The wonderful photos of Flower getting some lovin' inspired me to try and capture some of the (overly) spoiled Sophie. She LOVES her petting, scratching and fussing time. In fact, if I don't pay what she considers appropriate attention to her little head, she will let me know. She starts off by cooing, which turns rapidly to irritated cooing, which then turns to her head-butting my hand as though I were too dense to understand what she is trying to communicate. If that fails, she will hop up onto my shoulder and grab ahold of my ear lobe and not let go until my eyes are streaming. I apologize for the quality of the photos, it's difficult to focus and shoot with one hand while the other is petting the pigeon sitting on your chest.


----------



## Hillybean (Oct 30, 2005)

Sophie, 
is very a beautiful pigeon. She also looks very happy sitting on your sholder .

Very Cute!
Hilly


----------



## Skyeking (Jan 17, 2003)

What a cutie. Petting your hen may lead to her laying eggs, if she is bonded to you. Some hens will...some won't...just a warning.


----------



## Maggie-NC (Jun 22, 2005)

Well, you have to know by now that I am one of Sophie's biggest fans so I don't mind a bit whether the pictures are blurry or not - she is still gorgeous. You can tell she is very content to be loved by you.


----------



## flitsnowzoom (Mar 20, 2007)

I'm a Sophie fan too so anytime you want to post pictures, I'll look!  She's a beauty and the two of you look quite happy.


----------



## Boni Birds (Mar 19, 2007)

*Great Pic*

Thank you for the awesome picture of you too! She is beautiful! So big!! I guess those bites would surely hurt! It is nice to see another pigeon person's photo also


----------



## mr squeaks (Apr 14, 2005)

Can't help adding my 2 cents...

Are you bonded or what?!!! GREAT PICS!!

I would say that Sophie certainly has YOUR number! Then, on the other hand, I know you don't mind a bit!! A match made in heaven!!

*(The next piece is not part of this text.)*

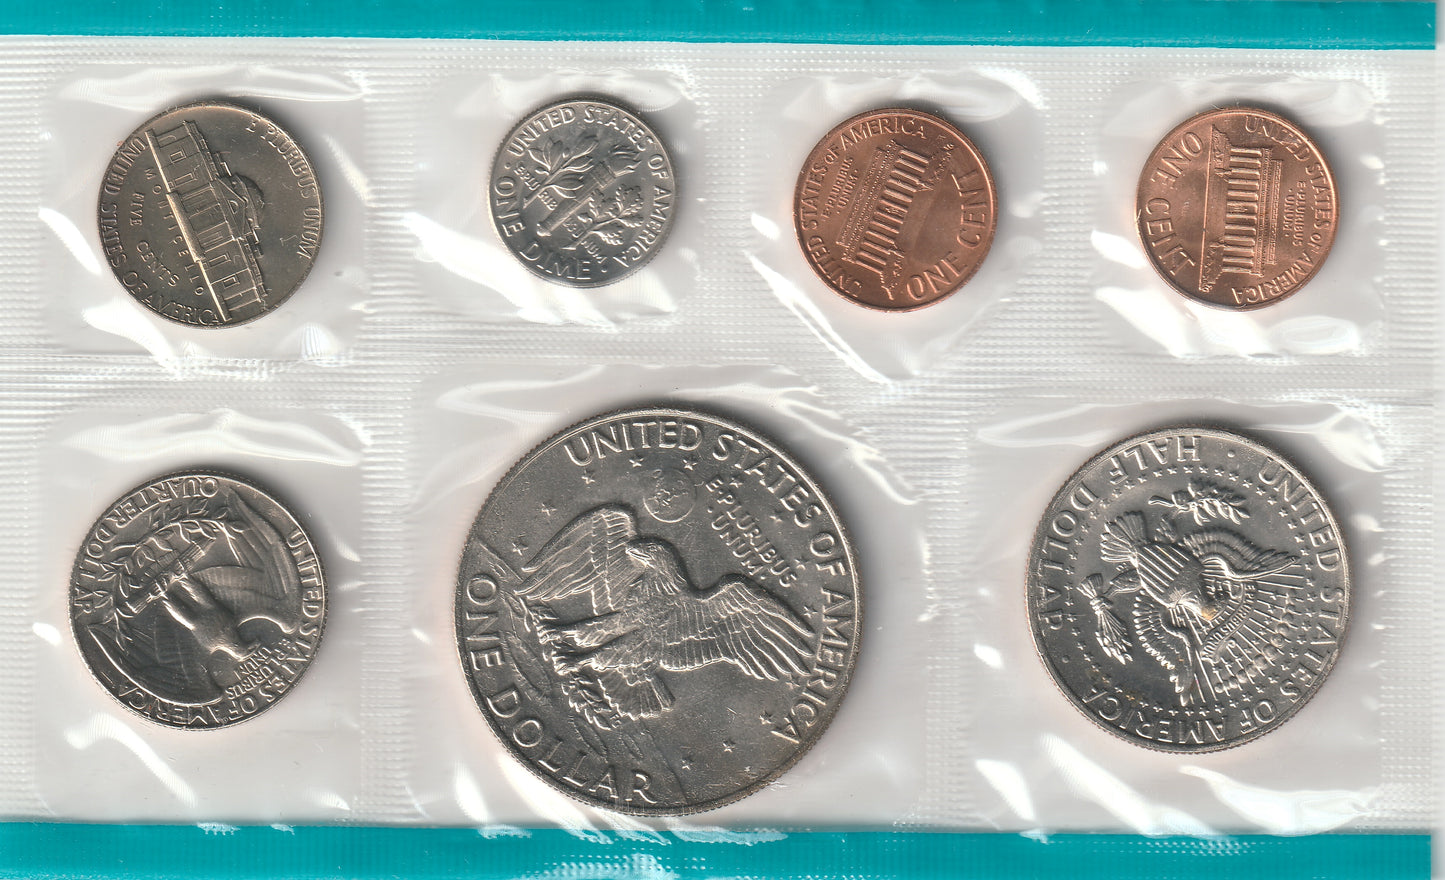 1974 United States Mint Uncirculated Coin Set

Wishing the TWO of you love, hugs and scrtiches!!

Shi


----------



## nbdyuknow (Apr 10, 2007)

Thanks everyone for all the nice comments. I just want to mention--again--what a HUGE difference Boni's PGWear has made here. Being able to spend much more "quality time" with Sophie and not having to worry about you-know-what really makes things so much better. And, best of all, Sophie really seems to love wearing it!


----------